## Problem description
Restate exactly, and only, the lines from the one with "おシャレなサングラス BLACKFLYS | 静岡市 海野眼鏡店" through the end of the data, with both of those end lines kept. Drop any pictures.

## Provided material
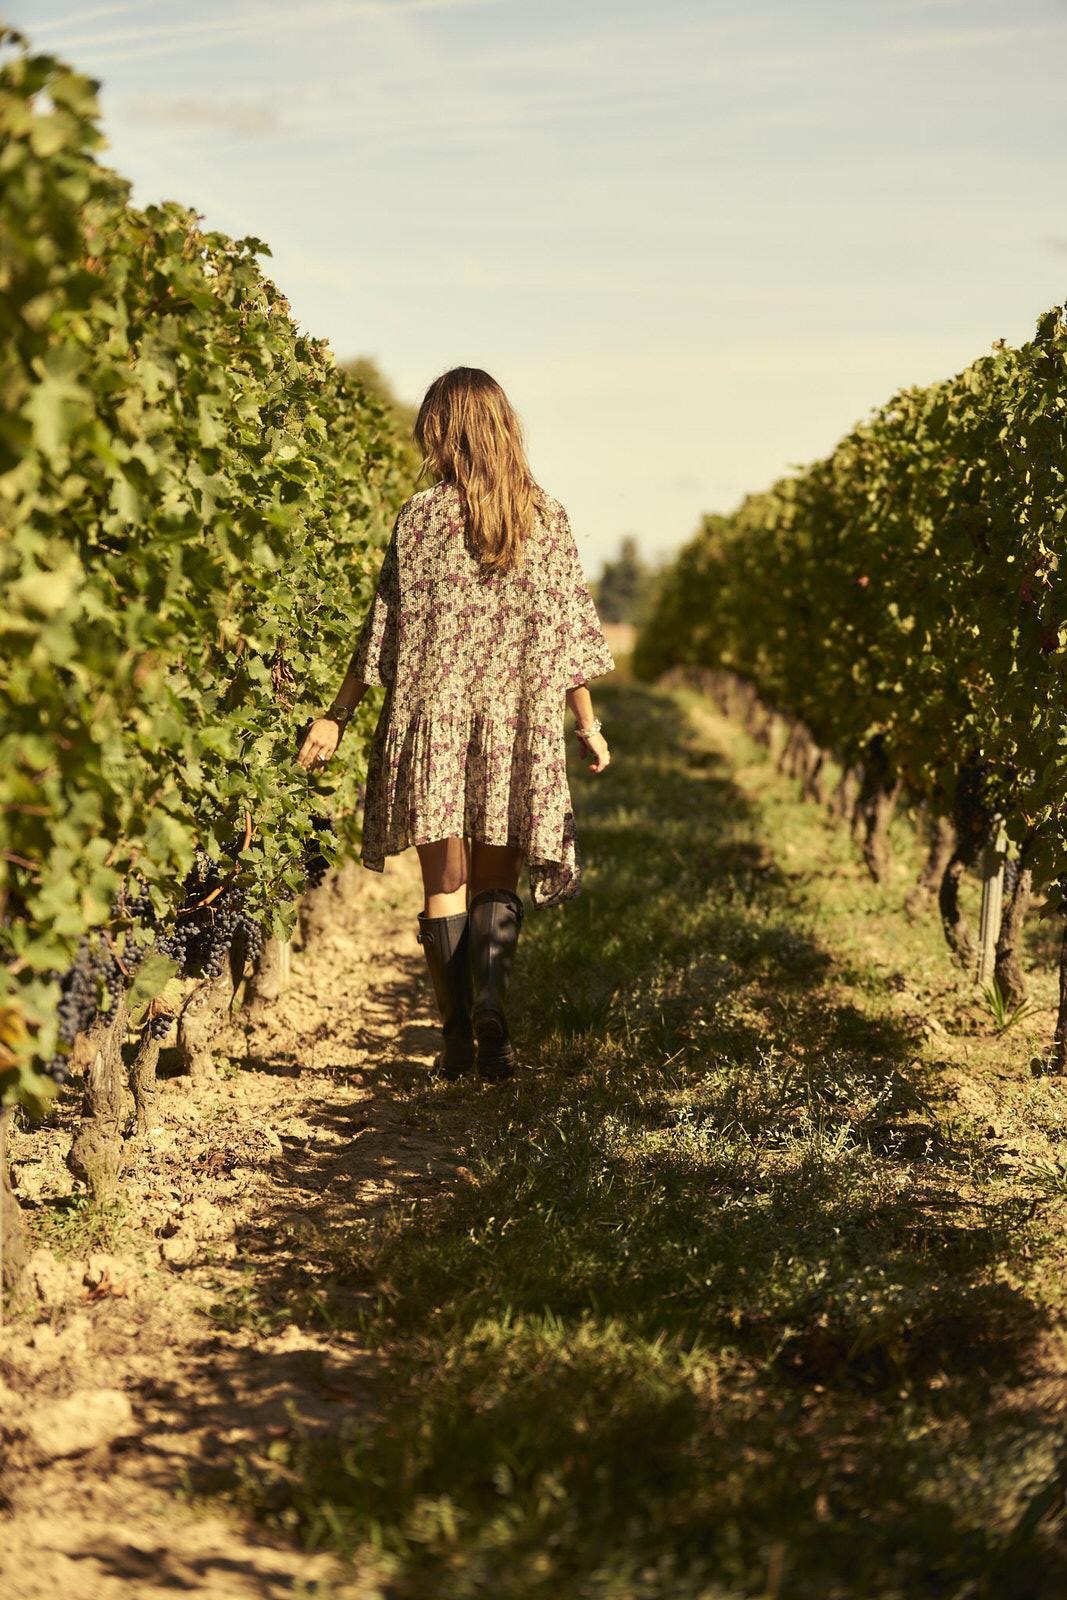 Reportage photo - Domaine viticole 14
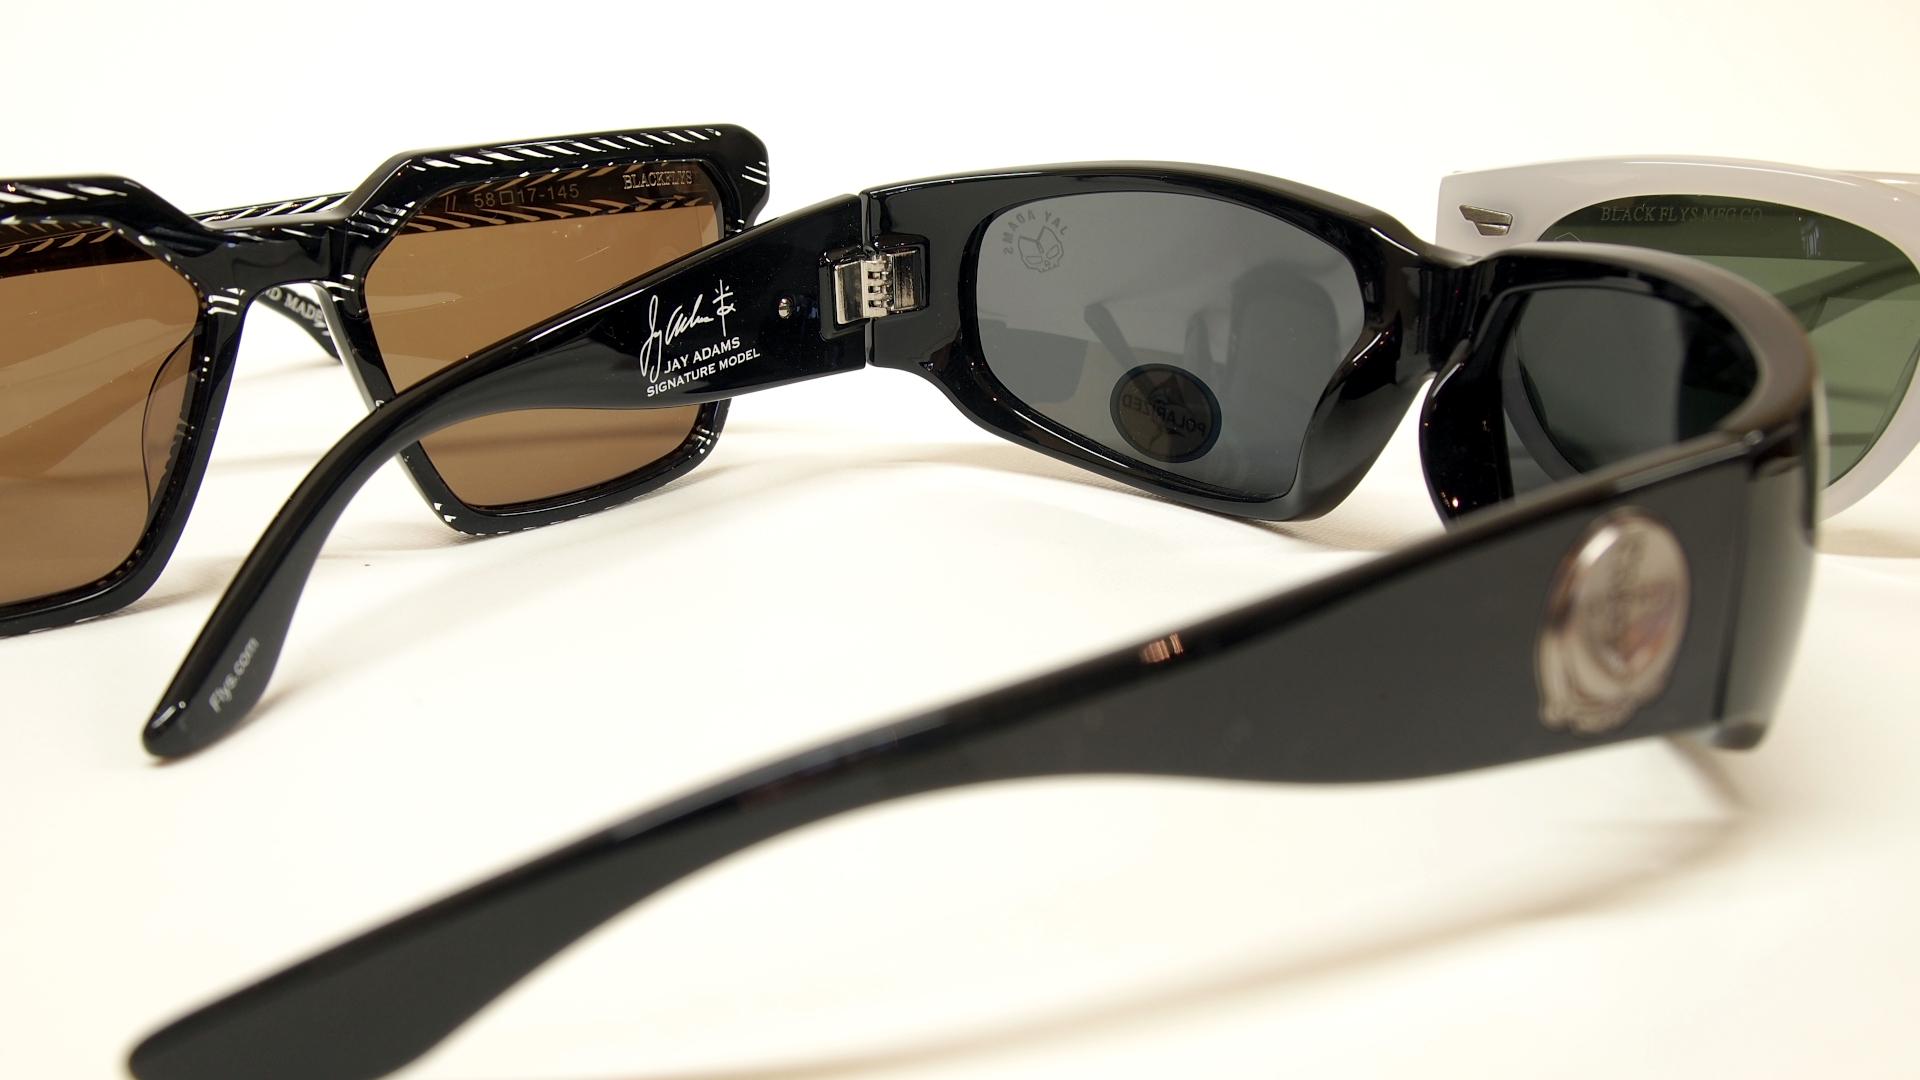 おシャレなサングラス BLACKFLYS | 静岡市 海野眼鏡店
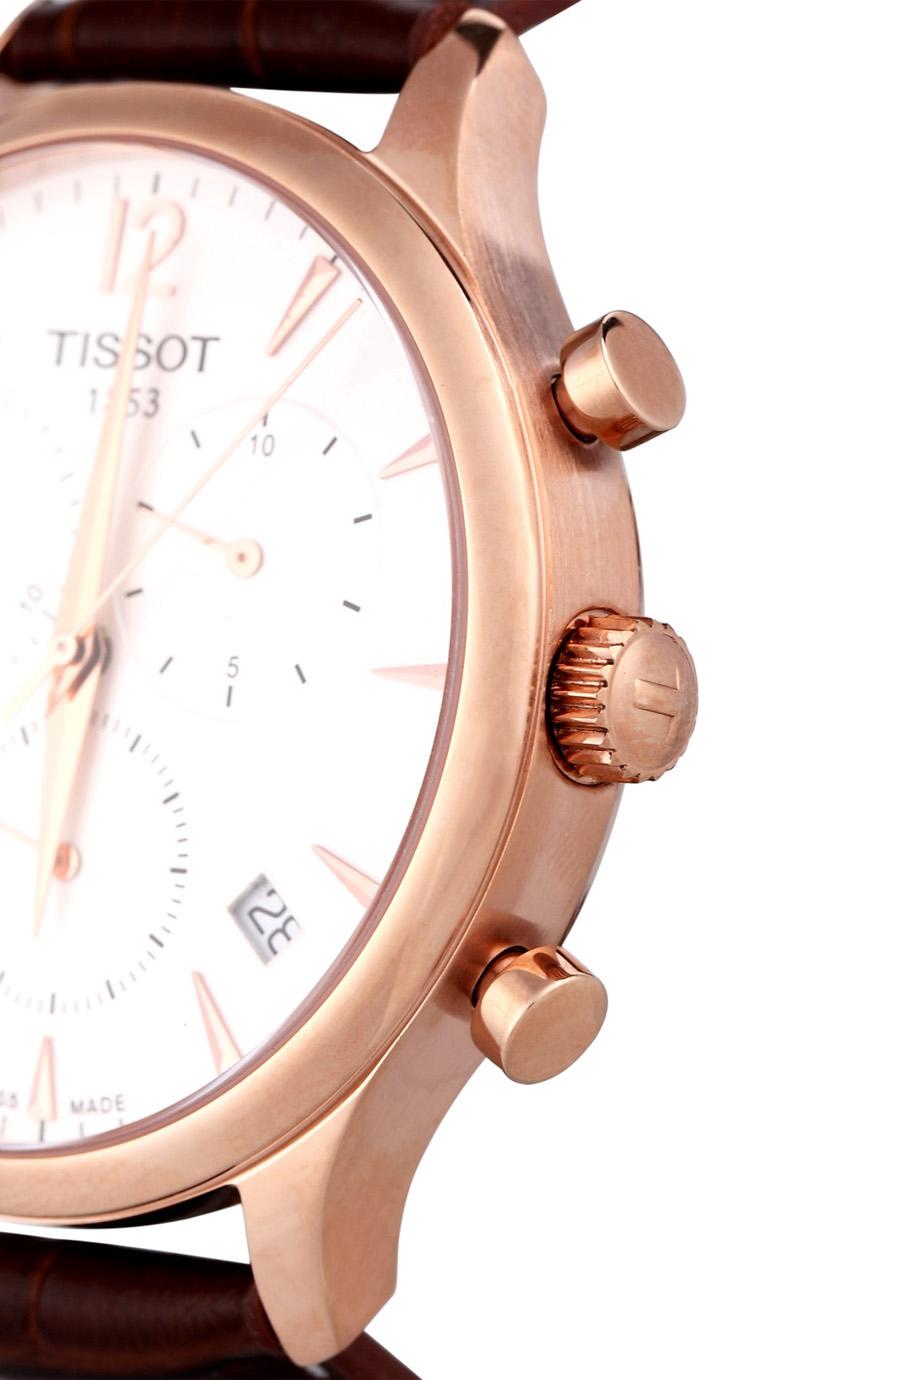 Đồng hồ Tissot T063.617.36.037.00 có 3 chốt
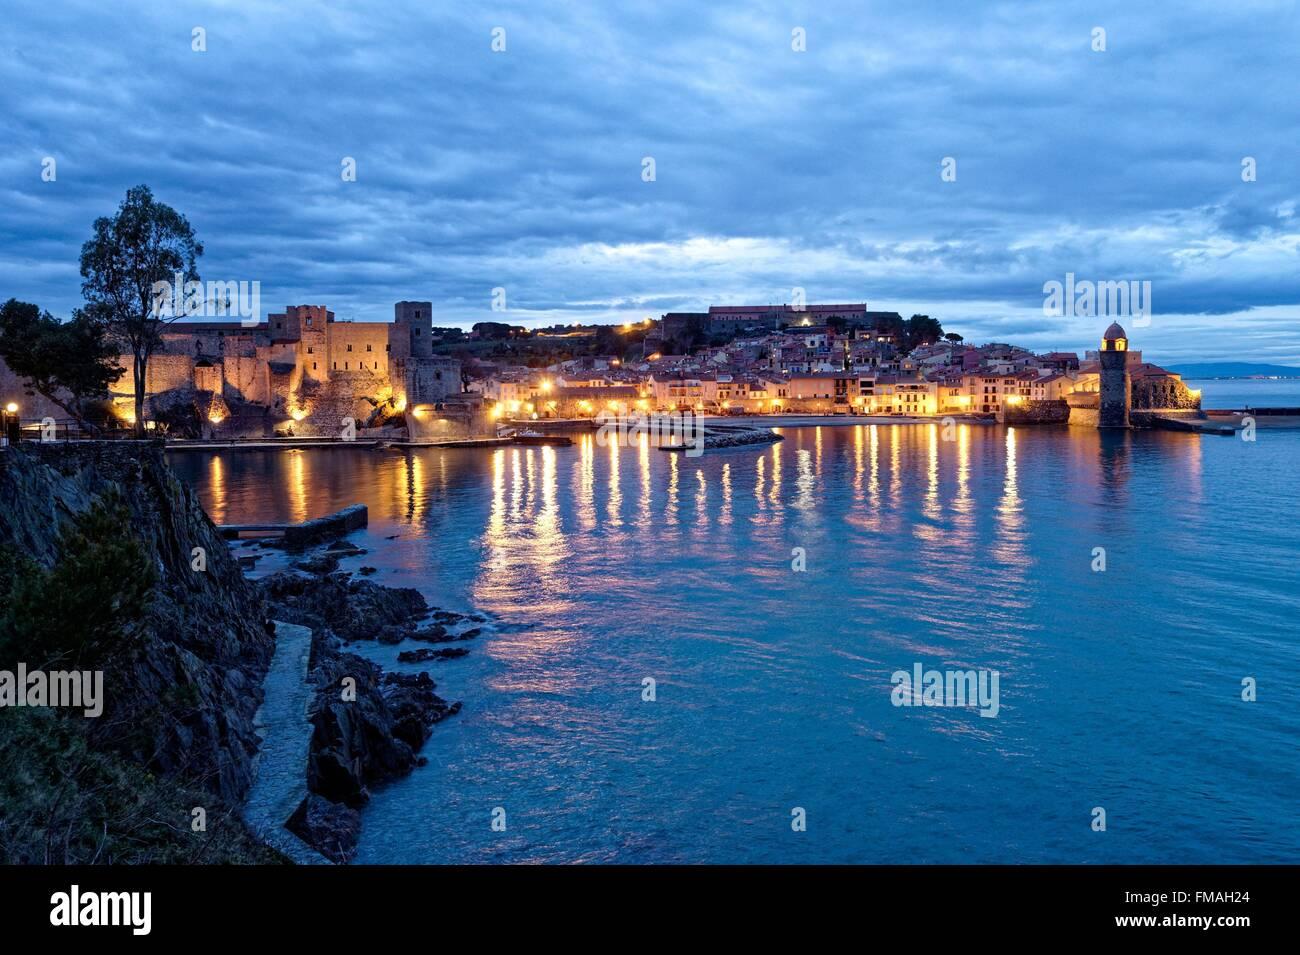 Francia, Pirineos Orientales, Collioure, iglesia de Notre Dame des Anges, el castillo real de fecha siglo xiii Imagen De Stock

## Reply
 おシャレなサングラス BLACKFLYS | 静岡市 海野眼鏡店
 Đồng hồ Tissot T063.617.36.037.00 có 3 chốt
 Francia, Pirineos Orientales, Collioure, iglesia de Notre Dame des Anges, el castillo real de fecha siglo xiii Imagen De Stock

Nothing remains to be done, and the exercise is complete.